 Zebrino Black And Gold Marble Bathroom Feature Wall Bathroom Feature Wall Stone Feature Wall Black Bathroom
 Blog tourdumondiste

* * *

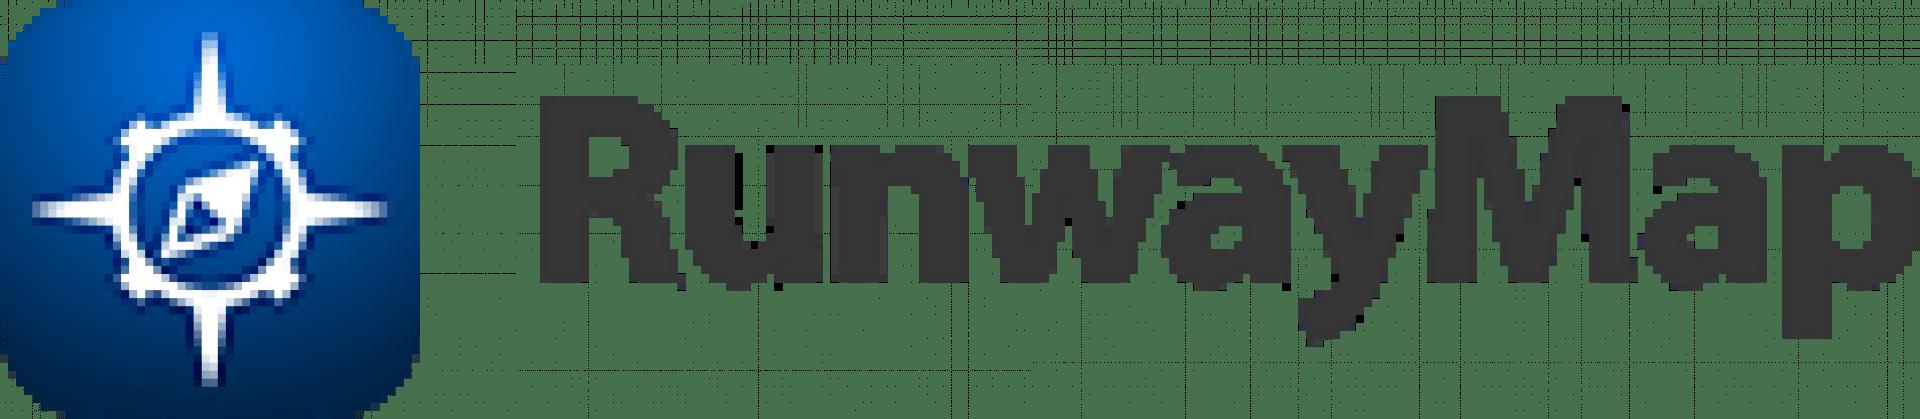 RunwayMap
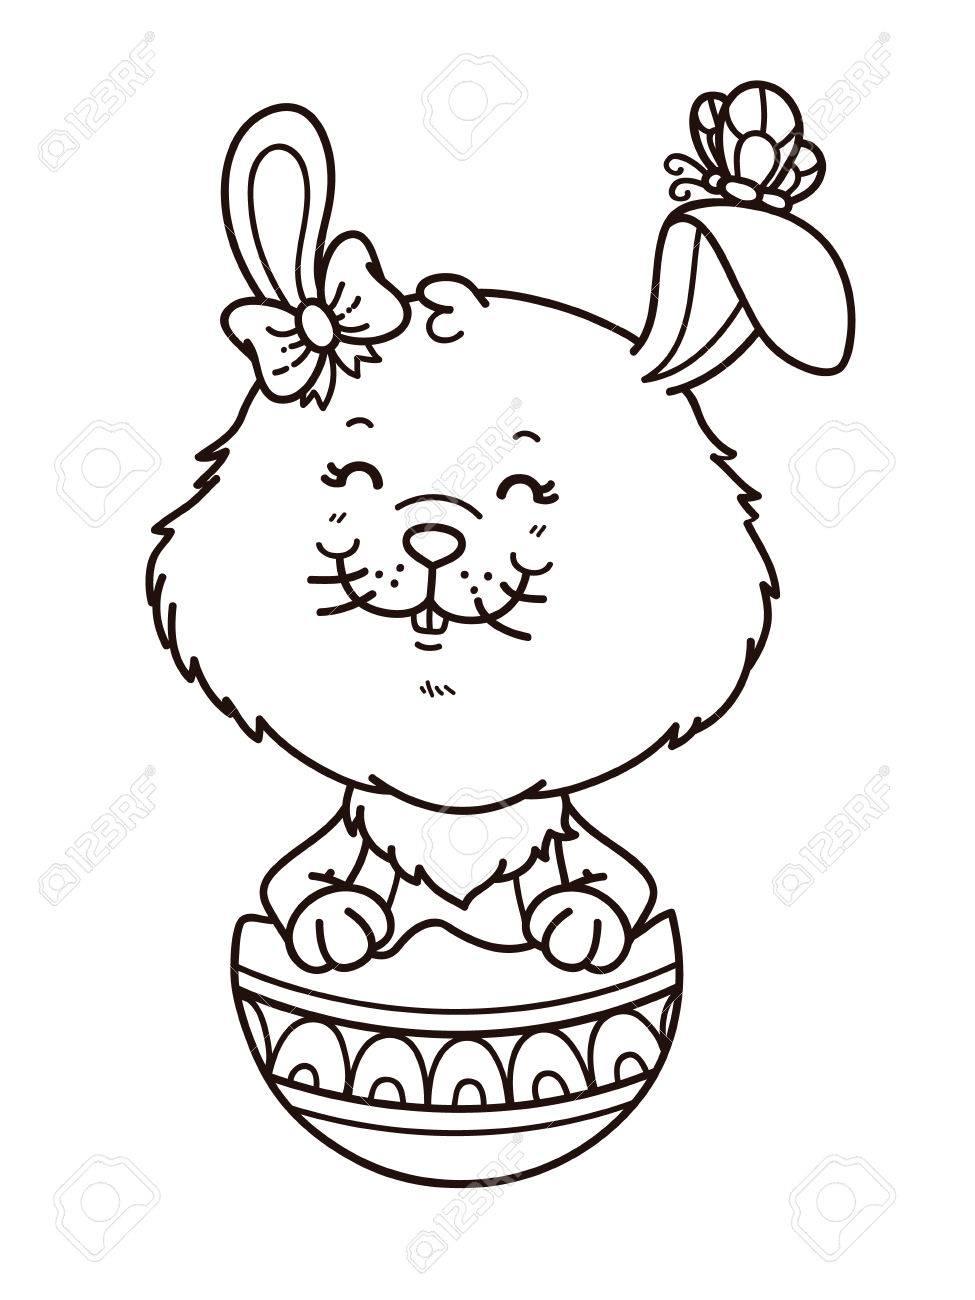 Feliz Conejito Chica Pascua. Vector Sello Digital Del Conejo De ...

==

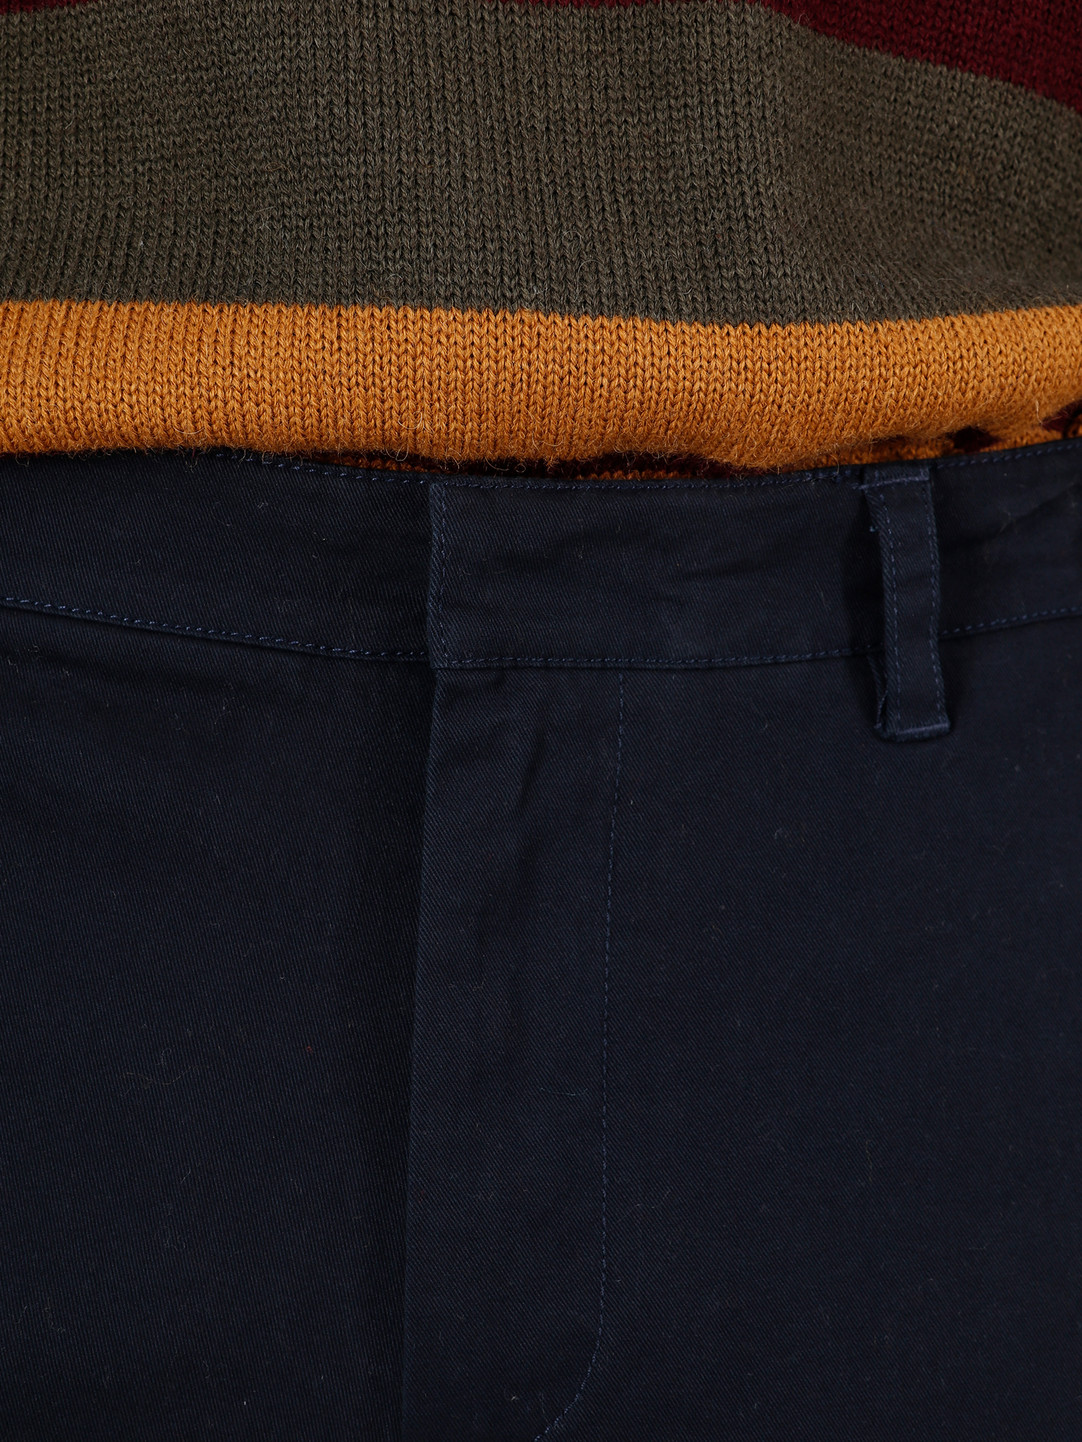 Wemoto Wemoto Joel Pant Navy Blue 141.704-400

• **Work item**:
Copy the stretch of the records above that runs from the line with "Zebrino Black And" through the line with "Blog tourdumondiste". Both end lines belong in the copy, and nothing else does.

• **Solution to this task**:
 Zebrino Black And Gold Marble Bathroom Feature Wall Bathroom Feature Wall Stone Feature Wall Black Bathroom
 Blog tourdumondiste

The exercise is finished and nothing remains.